-- Exercise brief --
Instruction for the entries below: return the part that opens with the line containing "You are currently" and closes with the line containing "Игровое изображение из", exactly, and no pictures.

-- Source material --
★ ★ ★

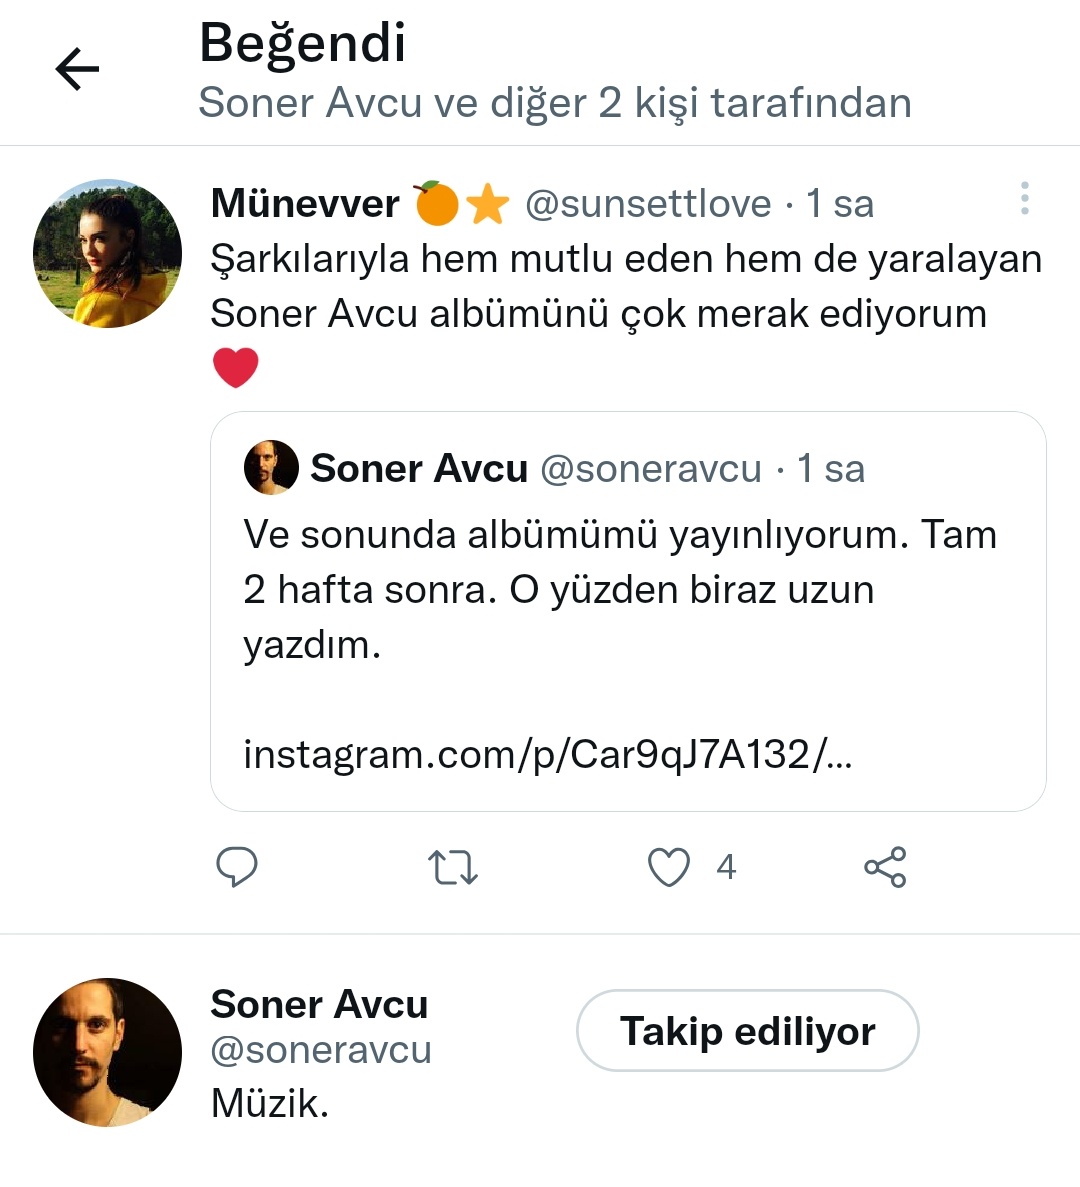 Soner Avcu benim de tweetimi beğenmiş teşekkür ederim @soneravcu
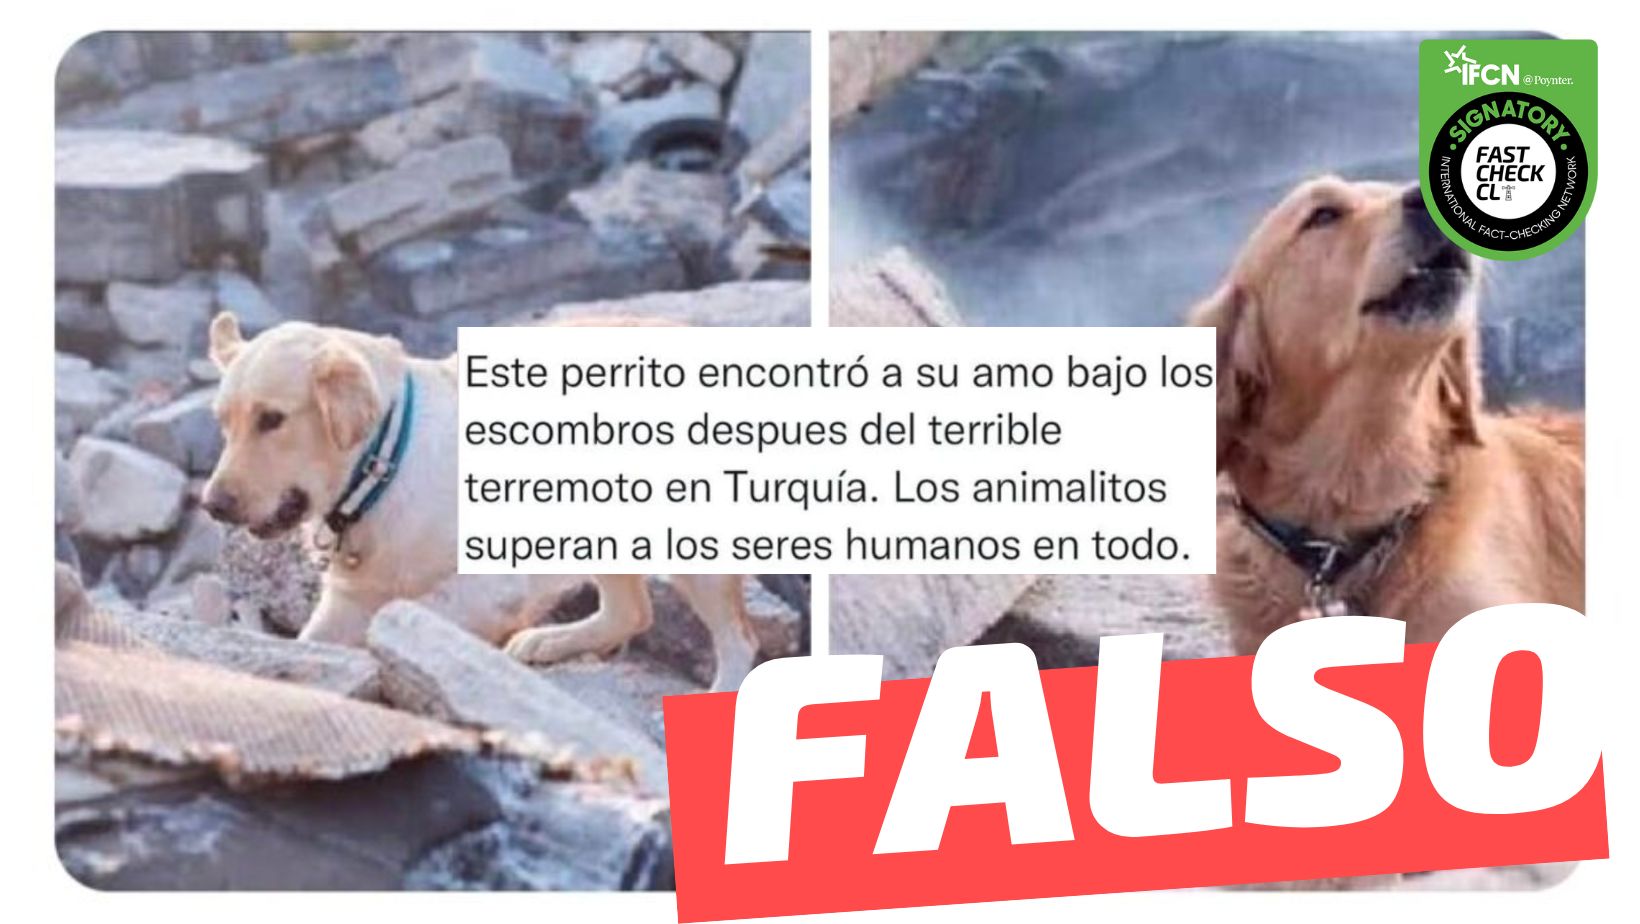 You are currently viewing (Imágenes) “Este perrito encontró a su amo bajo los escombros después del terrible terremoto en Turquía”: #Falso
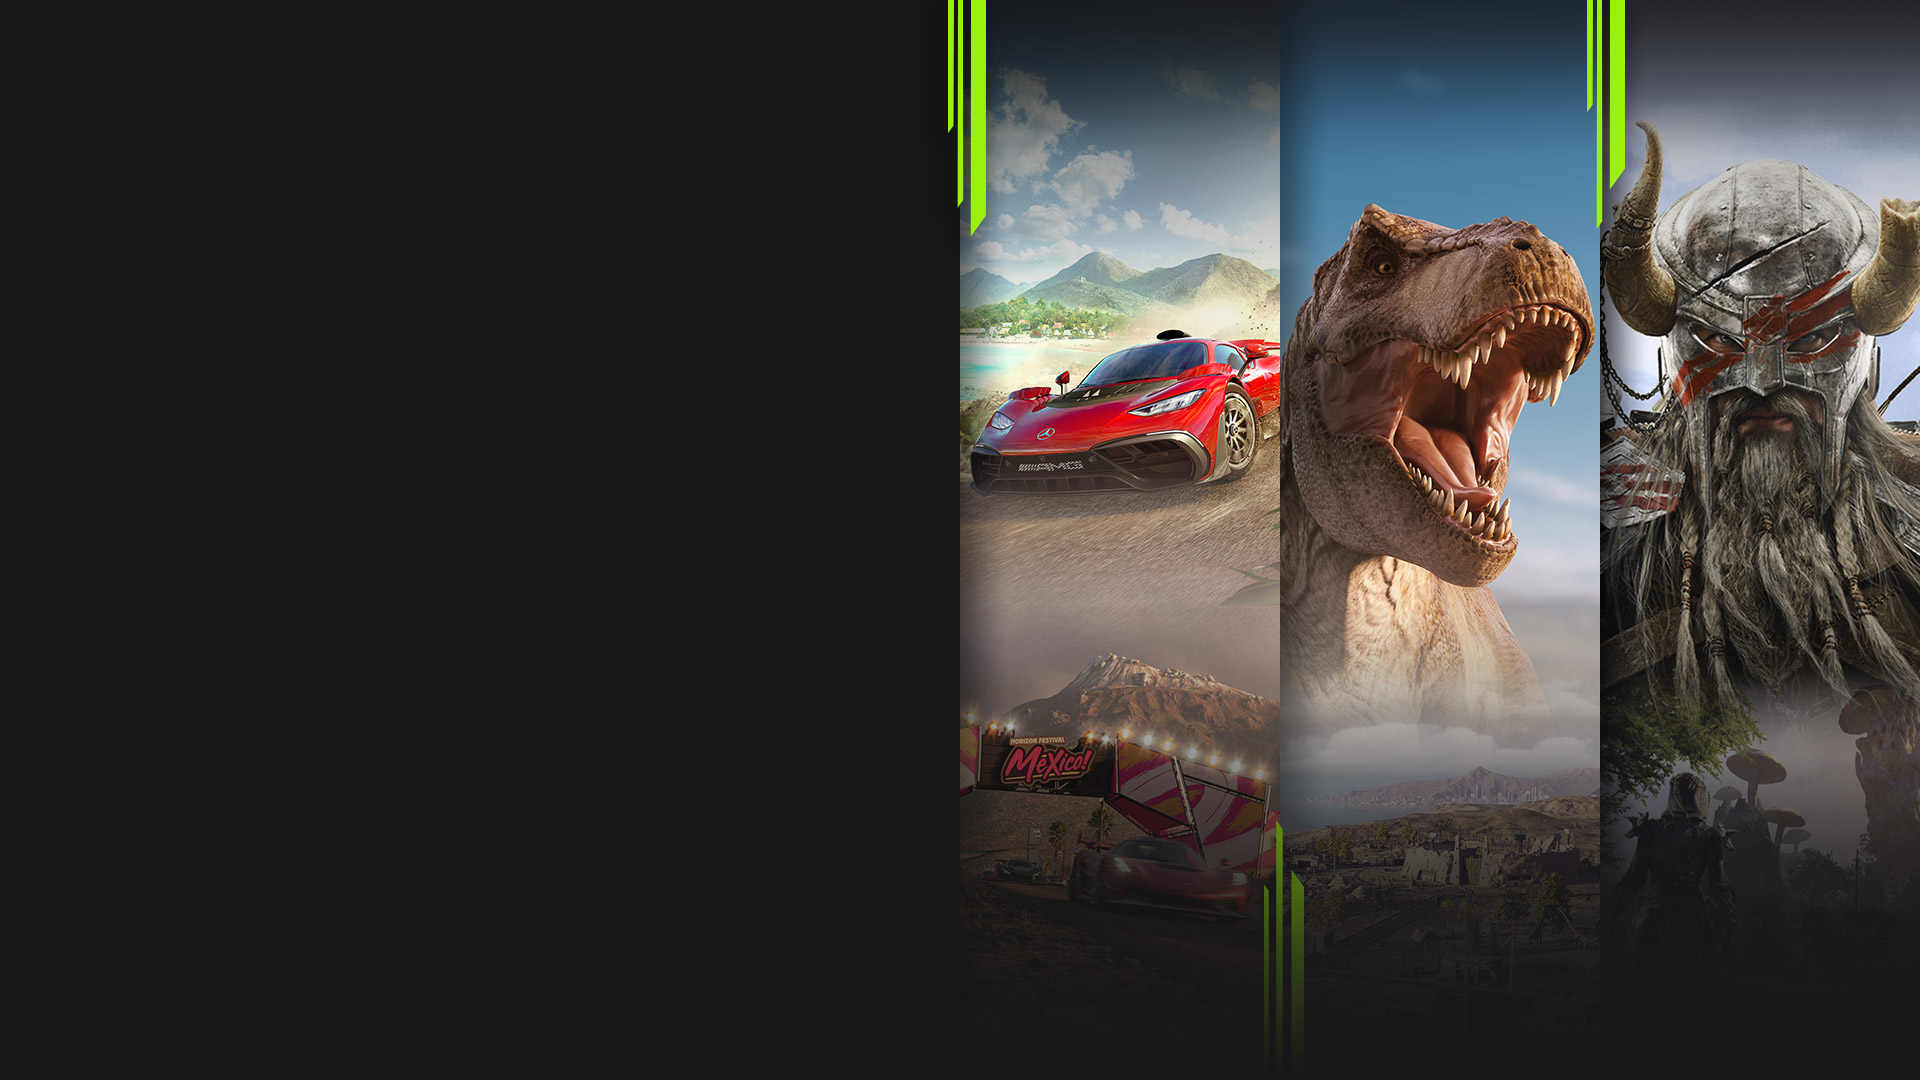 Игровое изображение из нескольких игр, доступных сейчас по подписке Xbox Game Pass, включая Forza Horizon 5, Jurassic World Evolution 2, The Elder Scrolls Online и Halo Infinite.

★ ★ ★

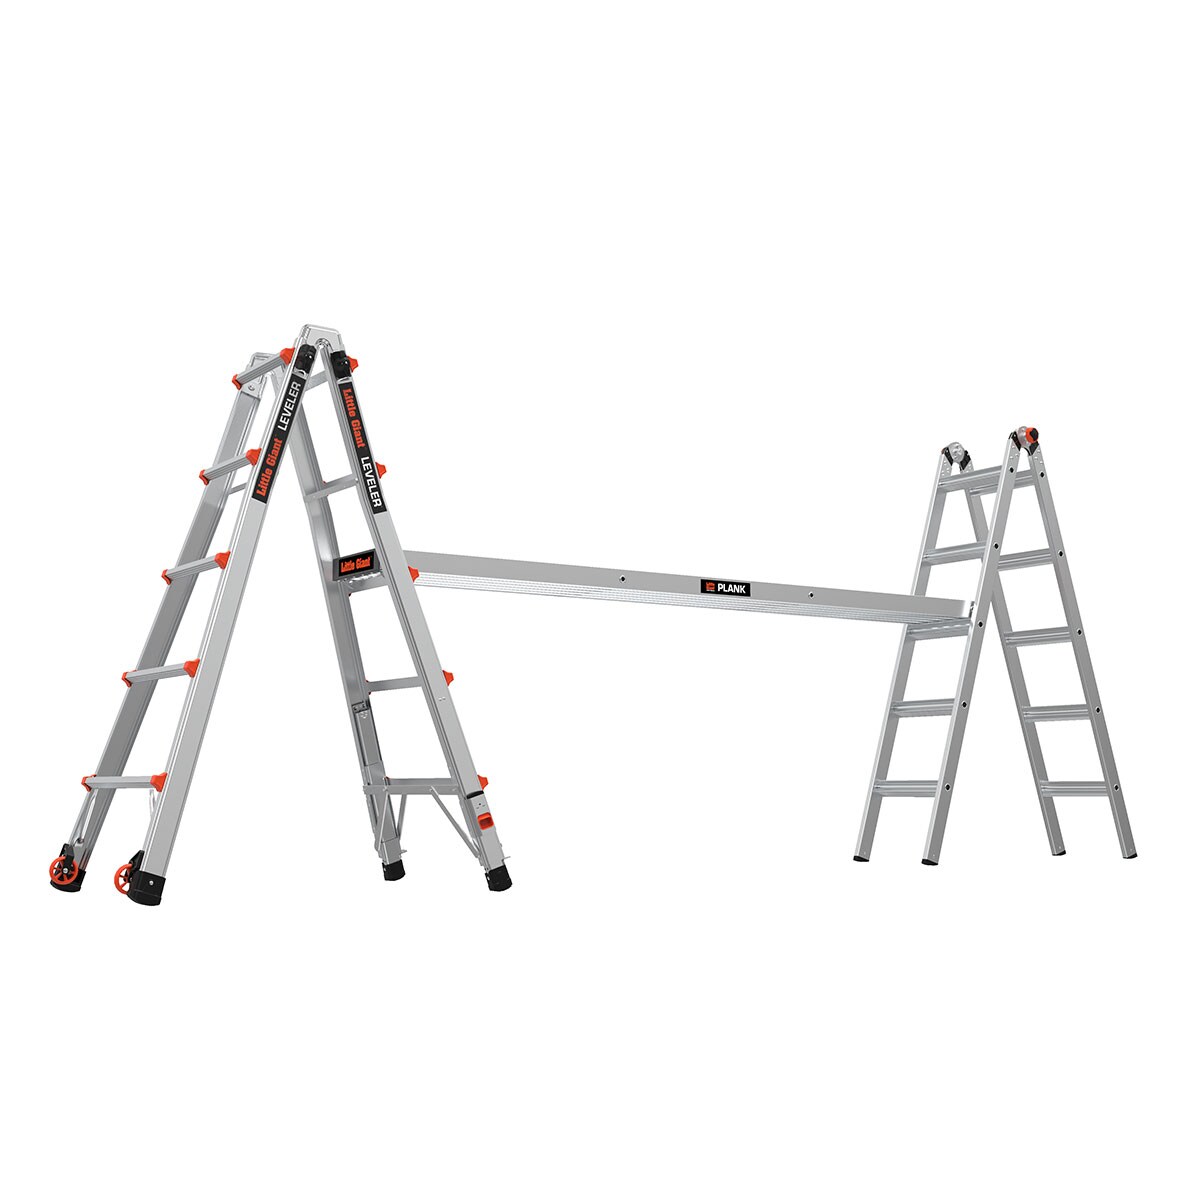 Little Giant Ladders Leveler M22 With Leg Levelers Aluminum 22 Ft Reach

★ ★ ★

-- Answer to the exercise --
 You are currently viewing (Imágenes) “Este perrito encontró a su amo bajo los escombros después del terrible terremoto en Turquía”: #Falso
 Игровое изображение из нескольких игр, доступных сейчас по подписке Xbox Game Pass, включая Forza Horizon 5, Jurassic World Evolution 2, The Elder Scrolls Online и Halo Infinite.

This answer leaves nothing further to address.